Li Xiaolin, the daughter of an ex-Chinese premier and the vice president of a top Chinese state-owned electricity company, was expected to take the top job after a recent company merger. Reports from Chinese media, however, are now claiming Li has been shunted aside to a less prestigious state-run firm.
On June 2, the Chinese state assets regulator’s deputy chief Liu Qiang announced the recently merged company State Power Investment Corporation’s management team—five from China Power Investment Corporation and five from State Nuclear Power Technology Corp—but Li Xiaolin’s name was nowhere to be found, according to Chinese business news publication Caijing.
Those in the electricity industry expected Li, 54, who is sometimes called China’s “Electricity Big Sister” or “Princess Li,” to helm the new firm, which is the third largest operator of nuclear reactors on mainland China, Caijing reports.
Instead, Li was told by Liu Qiang that she had been transferred to China Datang Corporation, a big state-run power firm that relies on coal-fired plants, and will be its vice-president, according to Caijing.
The move amounts to a pointed demotion, and an indication that the generation of Communist Party luminaries that previously enjoyed wealth and prestige under former leaders are getting a cold shoulder by the new Party boss, Xi Jinping.
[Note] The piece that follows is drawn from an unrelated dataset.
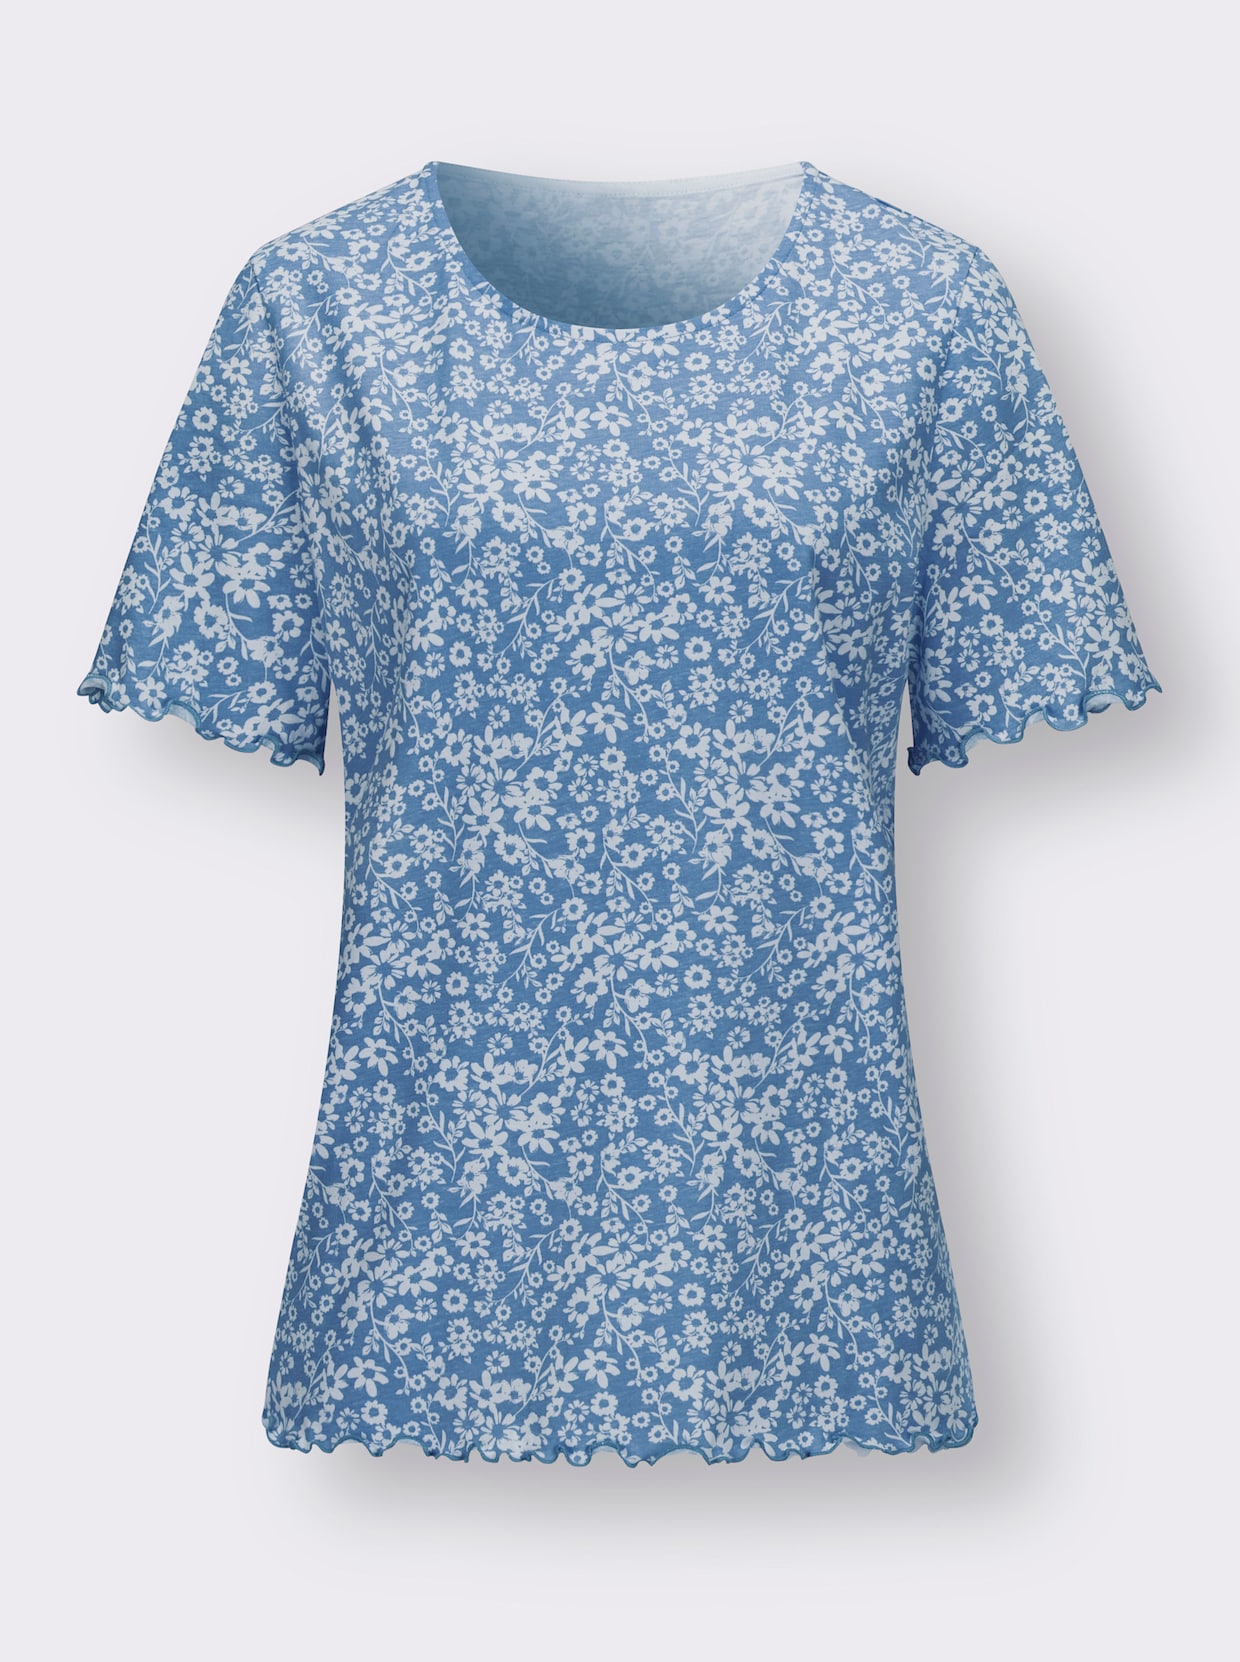 Tričko s krátkým rukávem - střední modrá-ecru-potisk

Li Xiaolin is the only daughter of former Chinese premier Li Peng, widely held responsible for the massacre of students around Tiananmen Square in Beijing, on June 4, 1989. His association with those killings earned him the sobriquet “Butcher of Beijing.”
Upon hearing Liu Qiang’s announcement, Li reportedly stormed back to her office and slammed the door shut, according to Chinese news site Peng Pai.
Li, who worked at China Power Investment Corporation for 12 years, had wanted to be president of State Power Investment Corporation, according to Hong Kong English language newspaper South China Morning Post, citing a source familiar with the matter.
There is no official confirmation of Li’s new appointment.
If the reports are accurate, however, there’s already an ongoing rumor mill of her alleged corruption to back the promotion oversight.
In a February report, the International Consortium of Investigative Journalists found that Li and her husband owned a Swiss-based HSBC account with $2.48 million in it.
Hong Kong magazine Yazhou Zhoukan reported end February that Li registered an offshore company with HK$10,000 ($1,290) in capital but won a bid to develop five real estate projects in Boao, Hainan Province worth over 10 billion yuan ($1.6 billion). Li told pro-Beijing, Hong Kong-based newspaper Wen Wei Po that the Yazhou Zhoukan report is completely fictitious and her company never planned to get involved in real estate.
In October 2013, British newspaper The Telegraph reported that Li helped broker a deal for foreign insurance institutions to enter the Chinese market years before they were allowed to enter the field. China Power International Corporation responded in a post on Sina Weibo, China’s Twitter-like microblogging service, that Li “has no personal contact with and doesn’t know anyone from the insurance companies.”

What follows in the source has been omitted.